Task item: Every line of the material below needs to be copied exactly; omit the pictures.

+++ Provided data

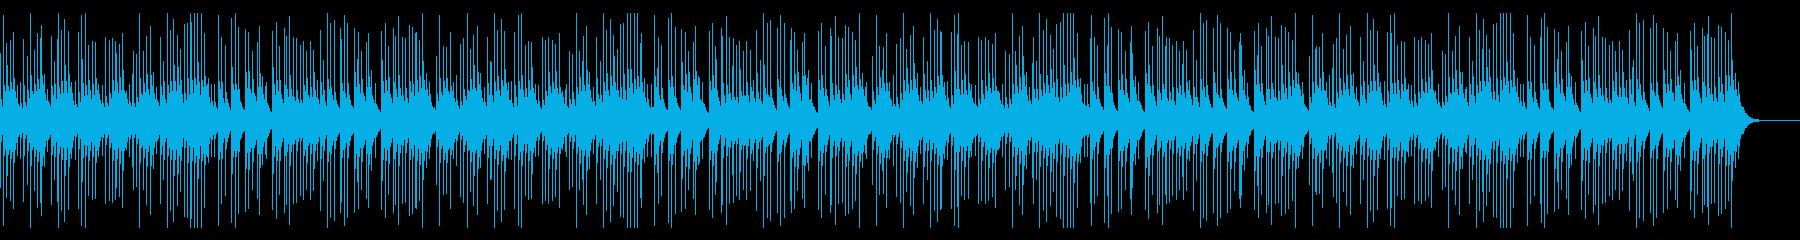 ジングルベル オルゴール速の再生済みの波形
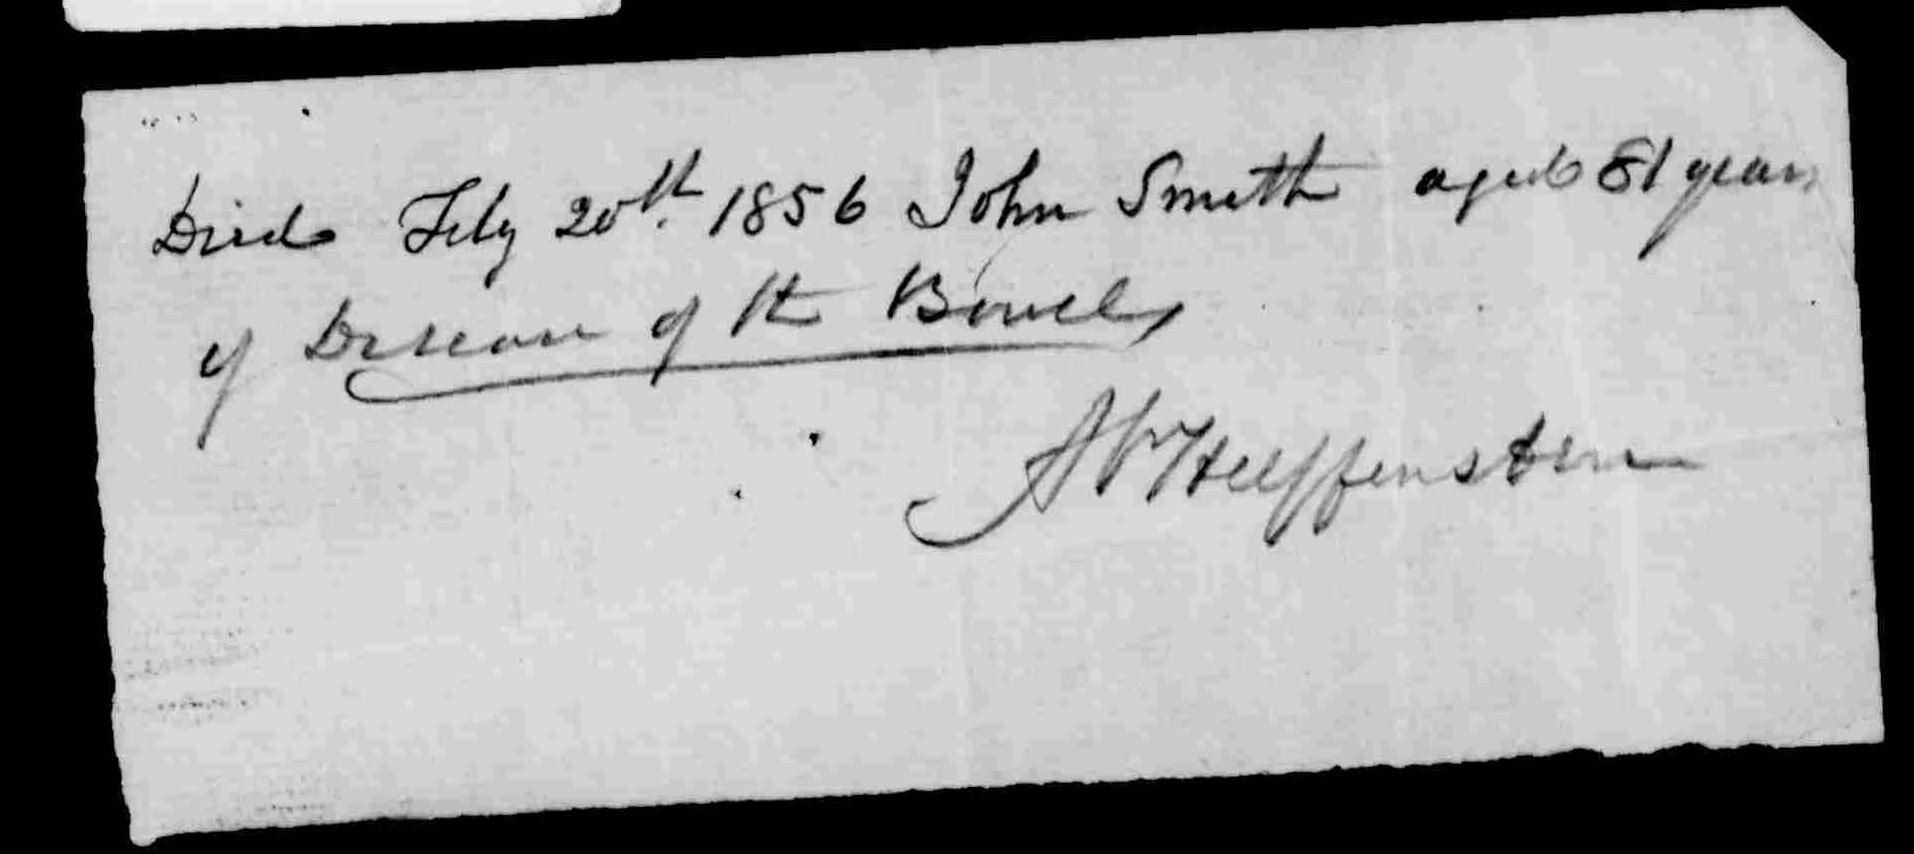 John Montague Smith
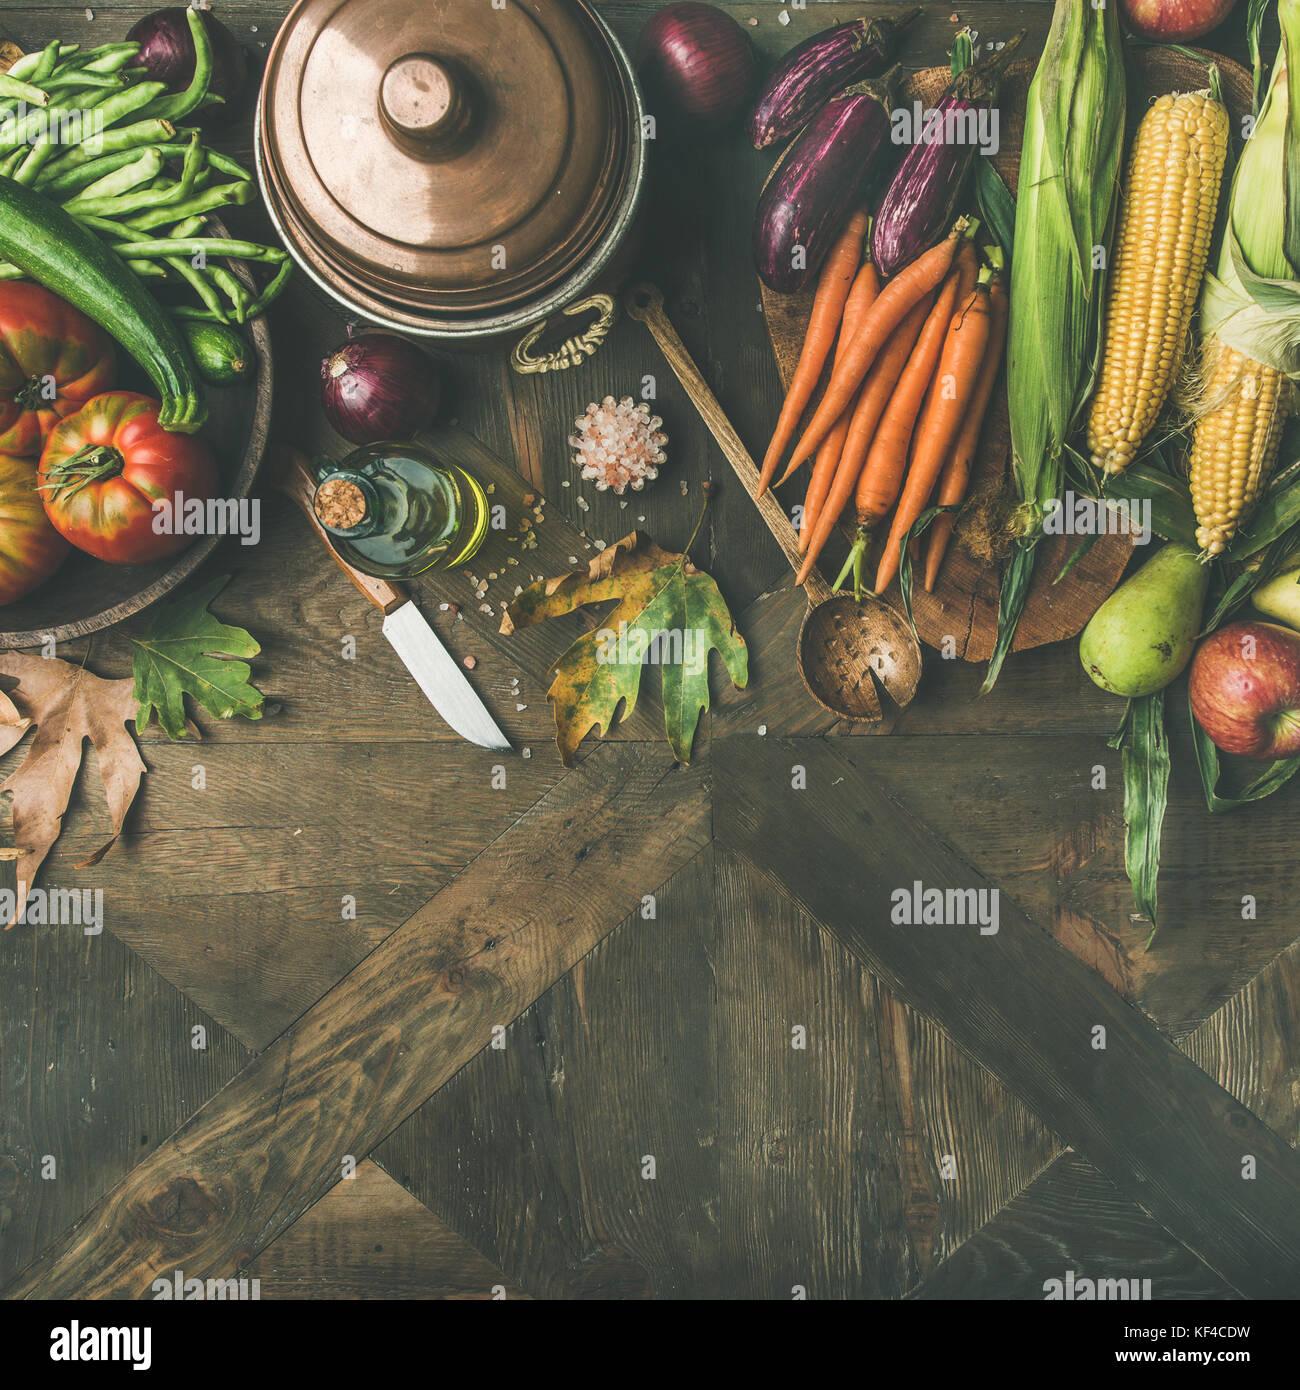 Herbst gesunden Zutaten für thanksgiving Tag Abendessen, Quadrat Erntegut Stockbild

++++++

Response:
 ジングルベル オルゴール速の再生済みの波形
 John Montague Smith
 Herbst gesunden Zutaten für thanksgiving Tag Abendessen, Quadrat Erntegut Stockbild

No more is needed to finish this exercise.